17 Gennaio 2020

Le “sanzioni” in capo al committente nei contratti di appalto

di Sandro Cerato Scarica in PDF La scheda di EVOLUTION

In caso di mancata effettuazione delle ritenute, o di mancato versamento delle stesse, il committente di un contratto di appalto rientrante nell’ambito di applicazione dell’articolo 4 D.L. 124/2019 può essere chiamato a rispondere delle sanzioni previste per l’impresa appaltatrice solo qualora non abbia ottemperato ai doveri previsti dai commi 1 e 3 del predetto articolo.
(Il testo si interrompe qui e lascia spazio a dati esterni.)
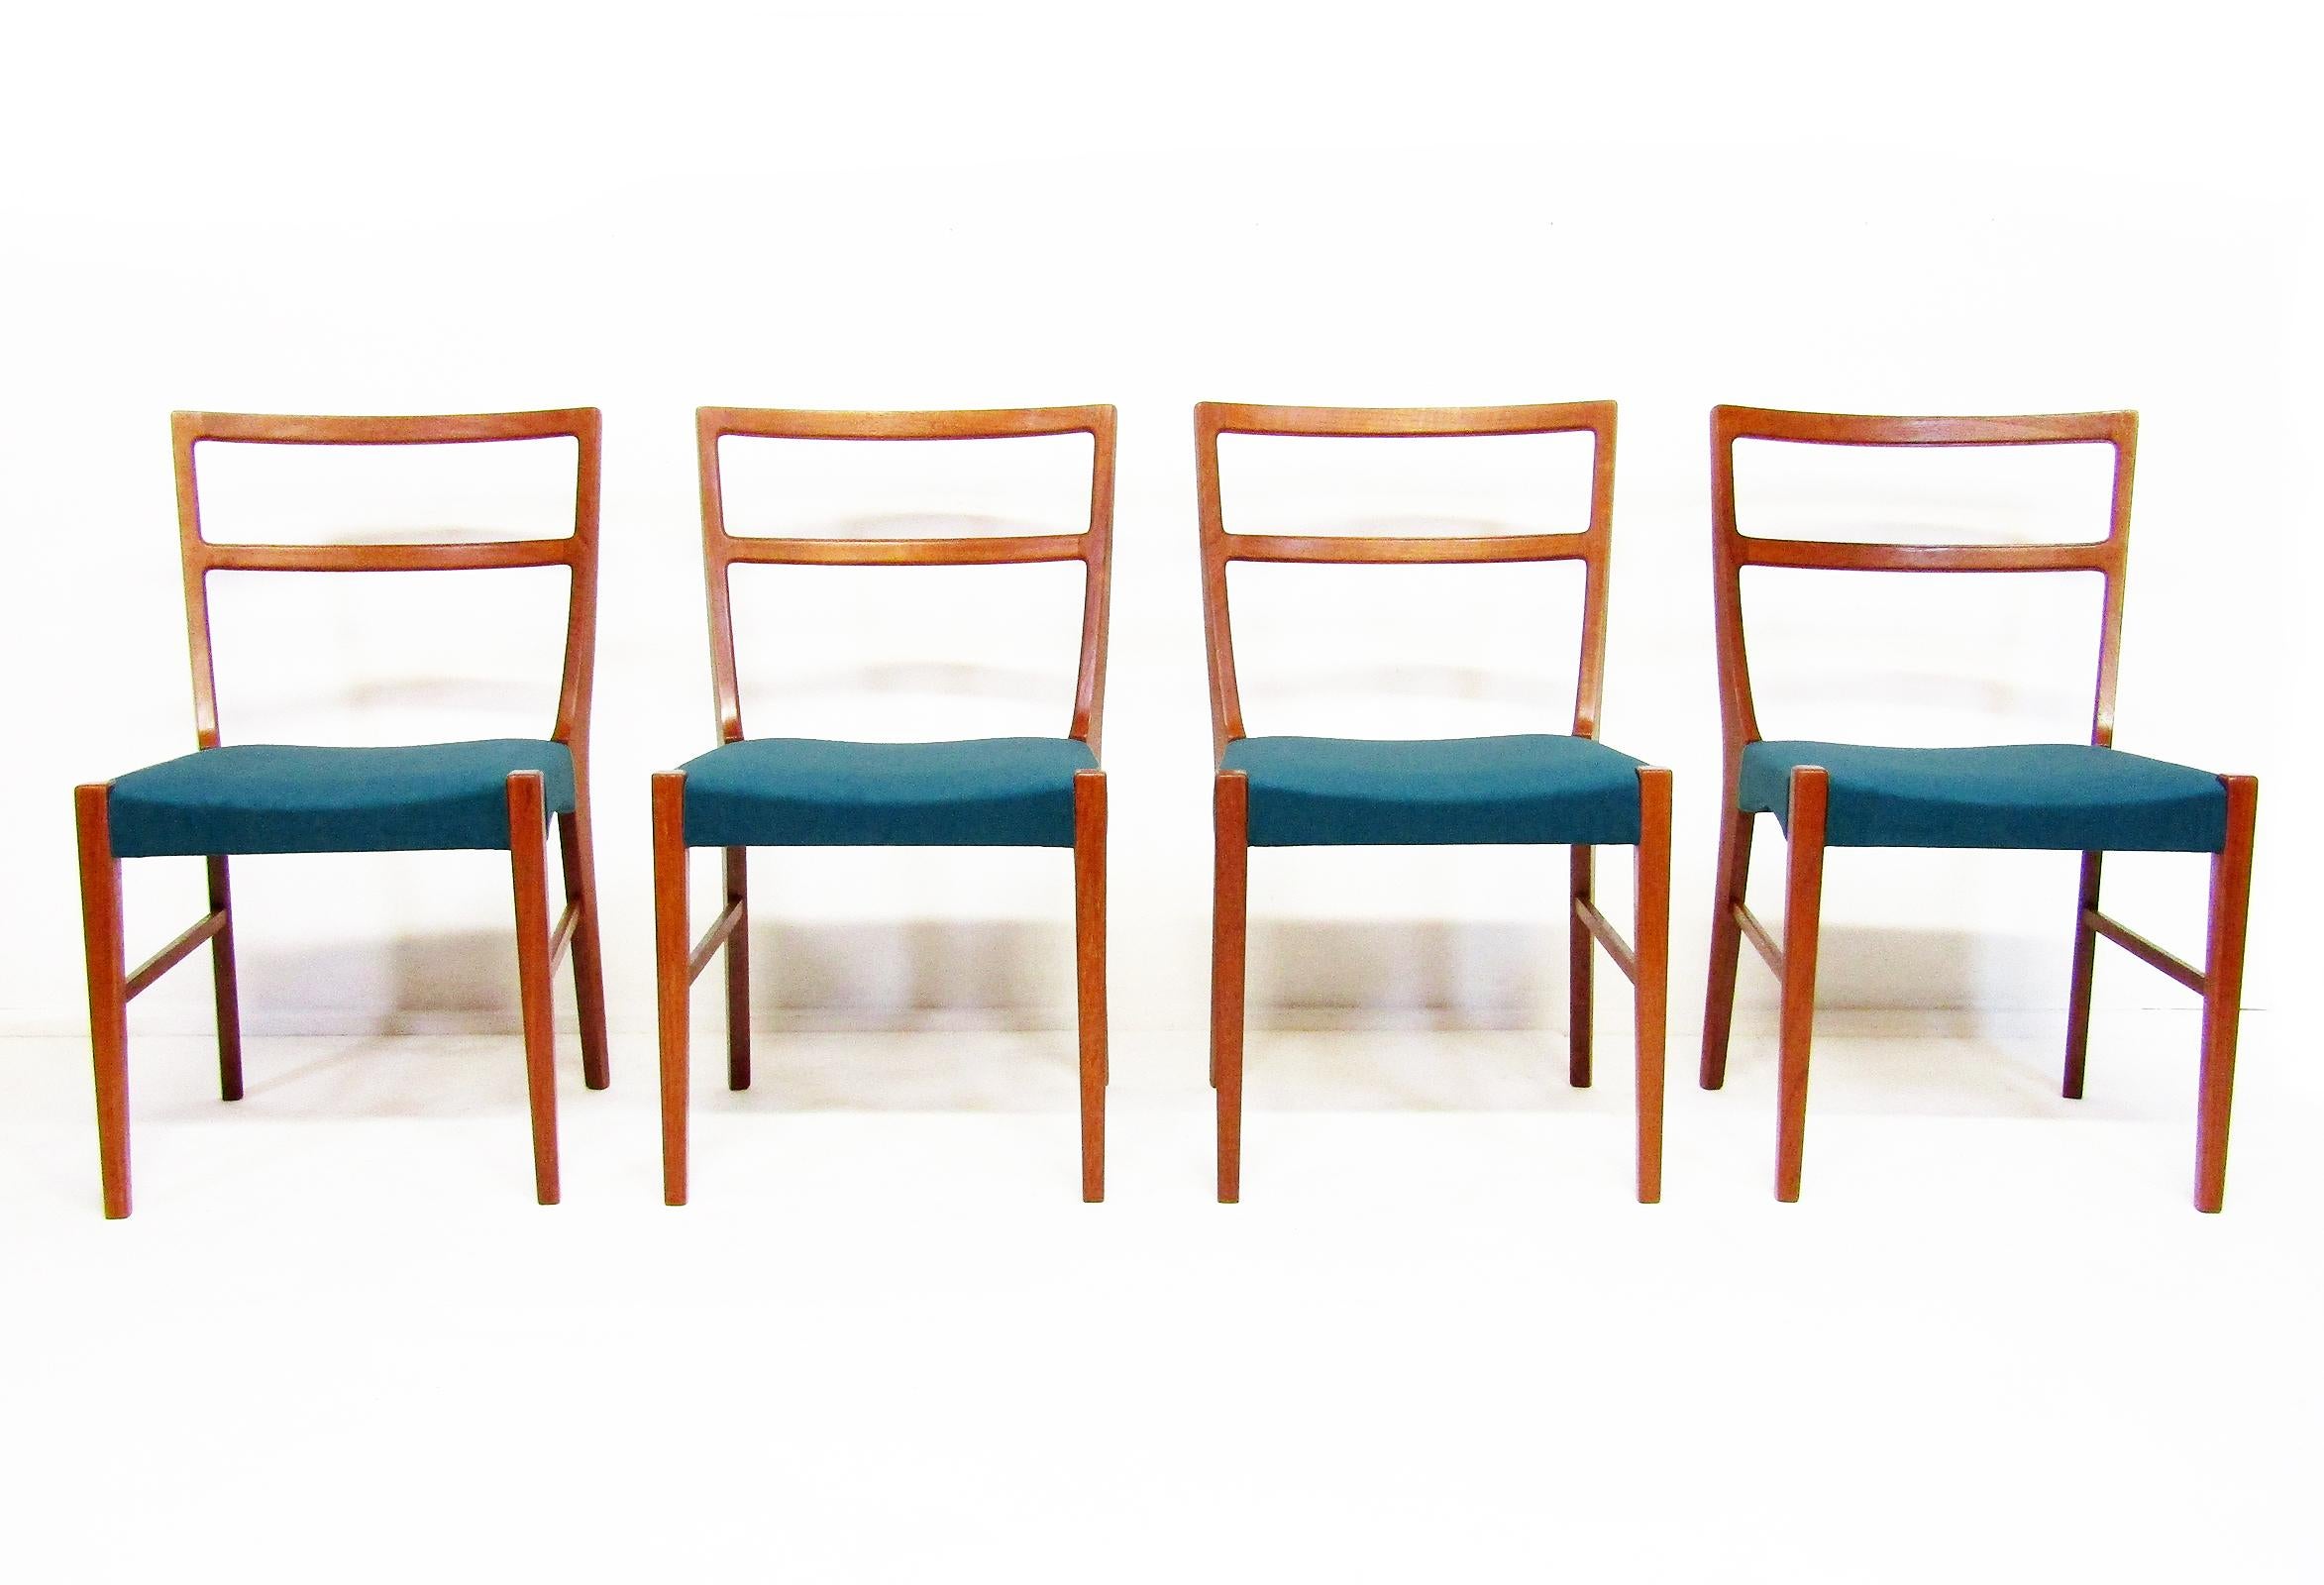 Un ensemble de quatre chaises de salle à manger danoises des années 1960 en teck par Johannes Andersen pour Bernhard Pedersen & Sons.

La qualité discrète de ces fauteuils n'enlève rien à leur sophistication. Les contours fins du dossier et la

In caso contrario non può mai essere responsabile delle omissioni compiute dall’impresa appaltatrice.

L’articolo 17-bis D.Lgs. 241/1997, inserito dall’articolo 4 D.L. 124/2019, prevede nuovi obblighi per il versamento delle ritenute relative al lavoro dipendente in presenza di contratti di appalto, subappalto e di affidamento di importo complessivo annuo superiore ad euro 200.000 caratterizzati dal prevalente utilizzo di manodopera pressa la sede del committente e con utilizzo di beni strumentali del committente stesso.

In tale ipotesi, e salva la possibilità di richiedere una certificazione all’Agenzia delle entrate in presenza di determinati requisiti, il committente deve di fatto “controllare” che l’impresa appaltatrice abbia adempiuto correttamente al versamento delle ritenute in questione con riferimento ai lavoratori dipendenti impiegati nello specifico contratto.

Al fine di consentire al committente di verificare il corretto adempimento degli obblighi in materia di ritenute è previsto che l’impresa appaltatrice trasmetta al committente copia dei modelli F24 (specifici per il contratto in essere) nonché una serie di informazioni dettagliate sui lavoratori impiegati (ore lavorate, retribuzione, dettaglio ritenute, ecc.).

Laddove il committente rilevi che l’appaltatrice non abbia adempiuto correttamente ai propri obblighi (errata determinazione delle ritenute o mancato versamento delle ritenute stesse) deve sospendere il pagamento dei corrispettivi per un importo massimo del 20% del totale pattuito (ovvero per un importo pari alle ritenute non versate), nonché comunicare tale inadempimento all’Agenzia delle entrate entro 90 giorni.

In questo contesto può essere chiamato in causa anche il committente, precisando sin da subito che la sua responsabilità è necessariamente collegata all’eventuale inadempimento da parte dell’impresa appaltatrice in relazione ai corretti obblighi di effettuazione e versamento delle ritenute.

Infatti, laddove quest’ultimo svolga in maniera corretta i propri obblighi di sostituto d’imposta nessuna responsabilità può essere addossata al committente, anche laddove quest’ultimo non abbia adempiuto agli obblighi sopra descritti.

Pertanto, affinché via sia una responsabilità del committente è necessario un inadempimento dell’impresa appaltatrice ed una condotta omissiva del committente stesso con riguardo ai seguenti obblighi:

  • mancata richiesta dei modelli F24 o delle informazioni richieste;
  • assenza dei predetti documenti e mancata sospensione dei pagamenti;
  • mancata segnalazione all’Agenzia delle entrate nel termine dei 90 giorni.

In tali ipotesi, il committente è responsabile del versamento di una somma pari alla sanzione irrogata all’impresa appaltatrice in relazione alle proprie omissioni.

Non si tratta quindi di una responsabilità diretta ma di una sorta di responsabilità in solido con la controparte, la quale resta comunque responsabile delle sanzioni previste dalle seguenti disposizioni:

  • articolo 14 D.Lgs. 471/1997, secondo cui in caso di mancata esecuzione delle ritenute si applica la sanzione del 20% dell’ammontare non trattenuto;
  • articolo 13, comma 1, D.Lgs. 471/1997, che prevede la sanzione del 30% nell’ipotesi di omesso o ritardato versamento delle ritenute;
  • articolo 15 D.Lgs. 471/1997, in forza del quale “nei casi in cui i documenti utilizzati per i versamenti diretti non contengono gli elementi necessari per l’identificazione del soggetto che li esegue e per l’imputazione della somma versata, si applica la sanzione amministrativa da euro 100 a euro 500“.